Hat jemand einen Vorschlag wie ich das Problem angehen soll?

mfg chris


----------



## flashray (10. Oktober 2006)

Hallo Chris,

nimm ein JScrollPane. Und füge darin JPanels in der gewünschten größe und Anzahl ein. Als Layoutmanager könntest du Beispielsweise ein GridLayout(0,1) nehmen bzw. BoxLayout(BoxLayout.Y_AXIS). Natürlich würde es auch mit anderen Funktionieren. Einfach etwas herumprobieren bist du das richtige gefunden hast.

Auch Schick wäre ein JXTaskPane:
http://swinglabs.org/demos.jsp

Das ist vielleicht nicht primär dafür gedacht, aber damit müsste man mit wenig Mühe die Panels wie in der Softwareeinrichtung von Windows implementieren können.

Komponenten wie JButtonBar bzw.
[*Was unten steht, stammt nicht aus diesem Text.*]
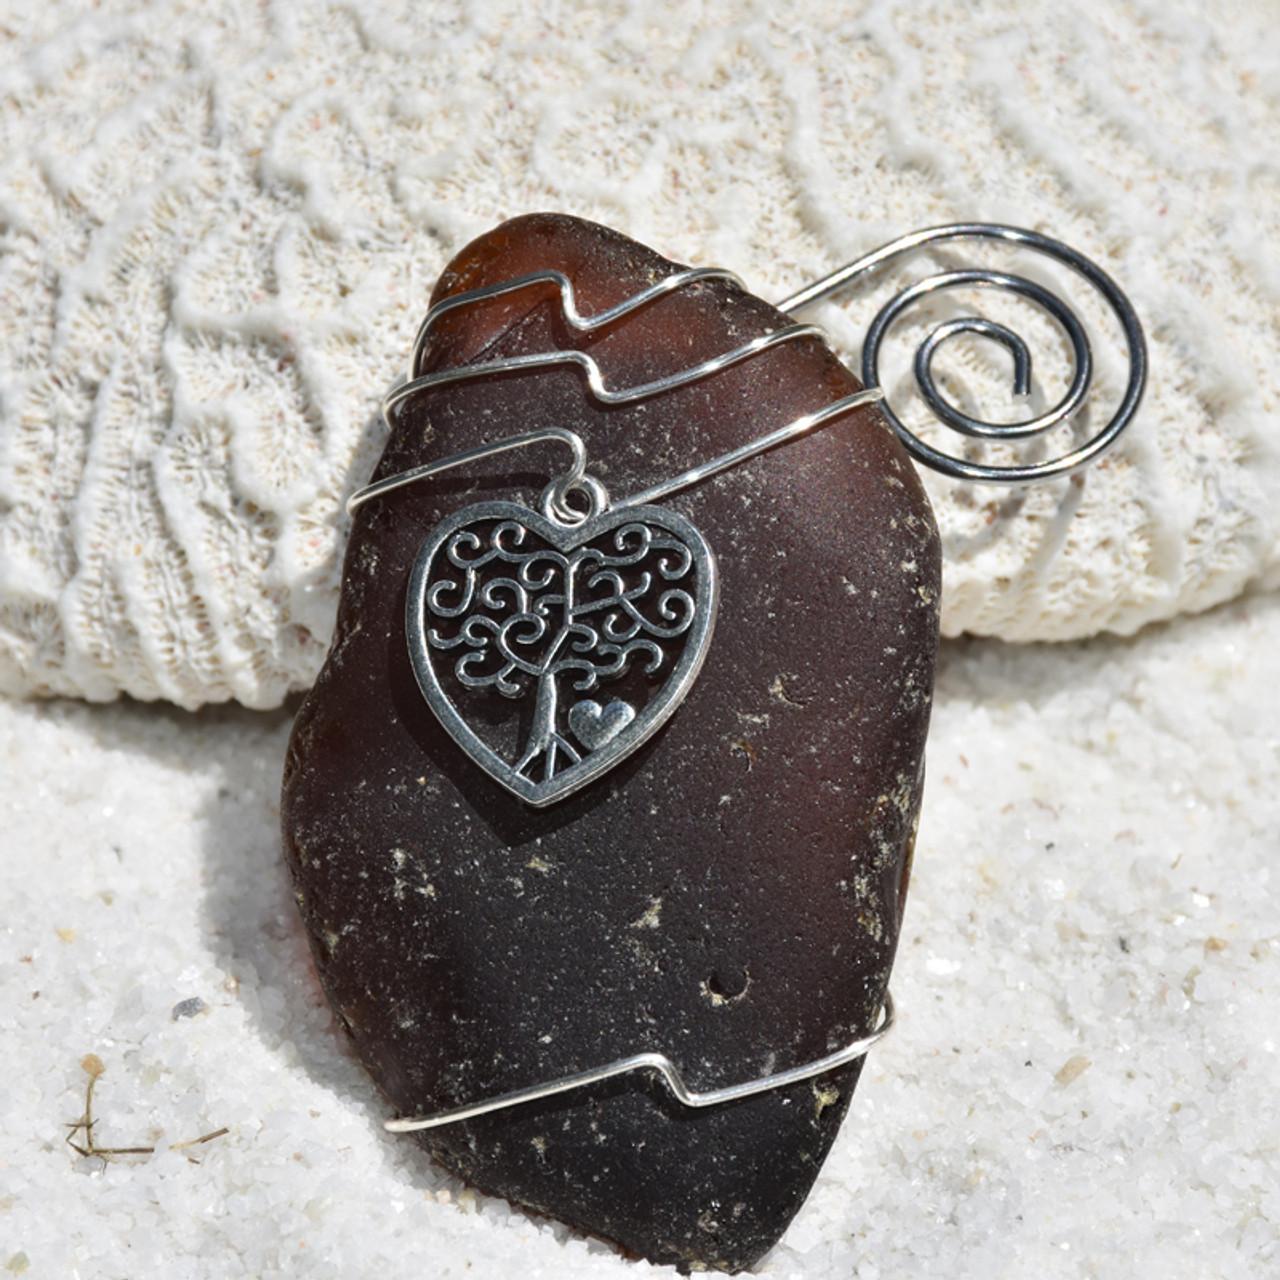 Heart Tree Ornament

JOutlookBar könnte man auch vielleicht hierfür verwenden:
http://common.l2fprod.com/

Du hast die Wahl  !


Vg Erdal


----------



## phlux (10. Oktober 2006)

Hallo flashray,

danke für deine umfassende Antwort, klappt jetzt so wie ich mir das gedacht habe 

Und thx für die Links auf die zusätzlichen Komponenten.

mfg chris


----------